For the latter, the Cures Act allowed hospitals to apply for a mid-build exception to the site-neutral payment policy by Feb. 13, 2017.

CMS was to then audit hospital requests and related materials for compliance and a determination.

The agency released results from the audit in a fact sheet on Jan. 19, 2021. The fact sheet indicated that the COVID-19 public health emergency delayed release of the audit determination letters.

CMS also announced in the fact sheet that most mid-build exception requests were denied.

Specifically, of the 334 hospitals that requested a mid-build exception for their off-campus PBDs, 132 qualified 202 did not.

Additionally, hospitals denied the mid-build exception have likely received overpayments from Medicare and will have 240 dates to address the overpayments, CMS stated in the fact sheet.

AHA also questioned audit results in its letter to CMS, arguing that many of the mid-build exception denials are “simply incorrect.”

The hospital group blamed incorrect denials on Medicare Administrative Contractor misunderstandings of the information submitted and their interpretation of what the Cures Act requires. For example, some hospitals said that they failed the audit because its “parent” health system had the contract for construction of the PBD even though the hospital actually owned the property.

Additionally, some hospitals told AHA that CMS failed them because their CEO or COO did not sign the mid-build attestation even though their organization does not have those positions.

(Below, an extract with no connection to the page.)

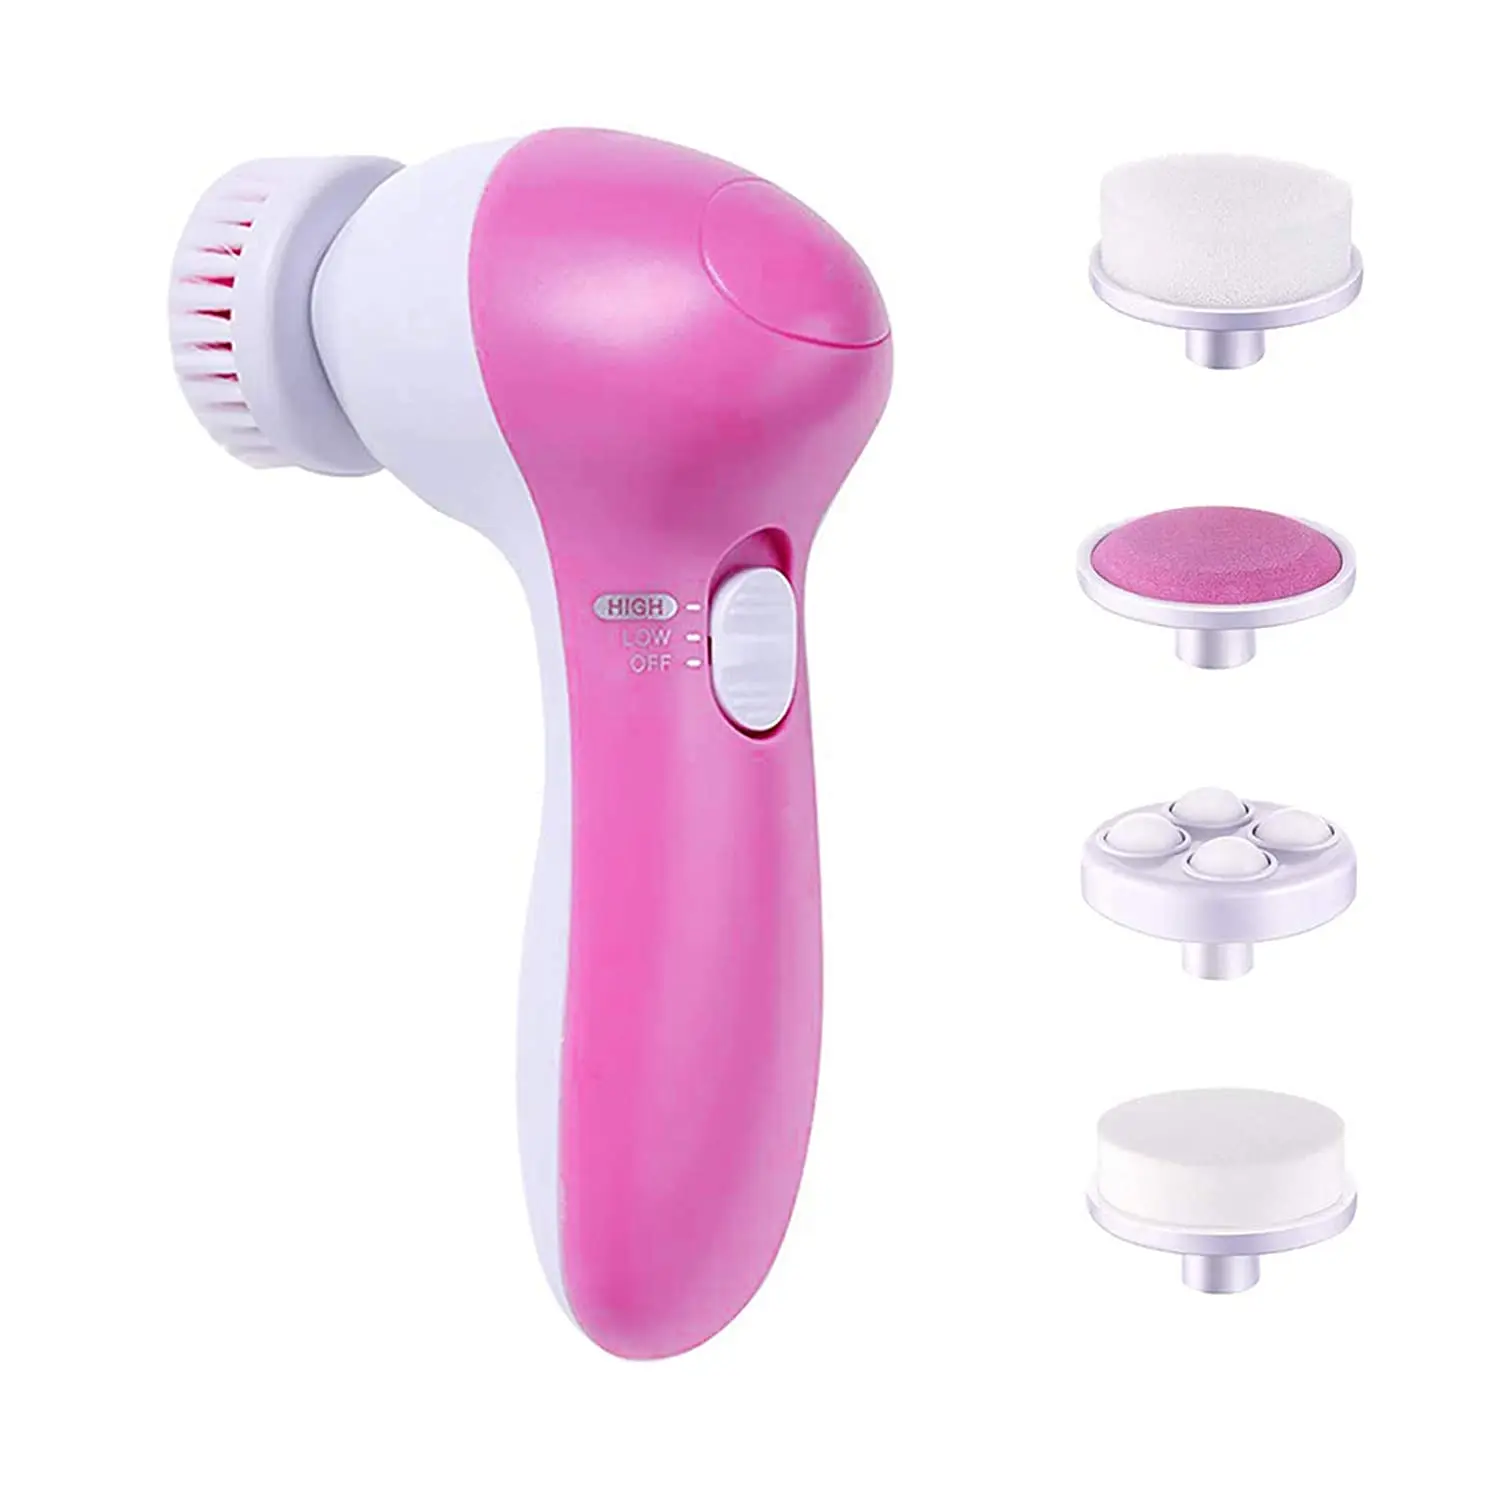 Facial Cleansing Brush Waterproof Face Spin Brush Set With 5 Brush Heads Gentle Exfoliating & Removing Blackhead Deep Cleansing electric facial cleansing brush 2 speeds adjust facial exfoliating massage brush with 3 heads for deep clean removing blackhead

The site-neutral payments act as a control for hospital-based outpatient care growth among Medicare beneficiaries, which CMS has said increased program spending significantly even though some of the services could be safely performed in the less expensive physician office setting.

Hospital groups have decried the payments, contending that off-campus PBDs should continue to get reimbursed the higher OPPS rates because they are subject to different policies and regulations and treat sicker, poorer patients.

AHA and several other groups, however, recently lost their legal challenge of the policy.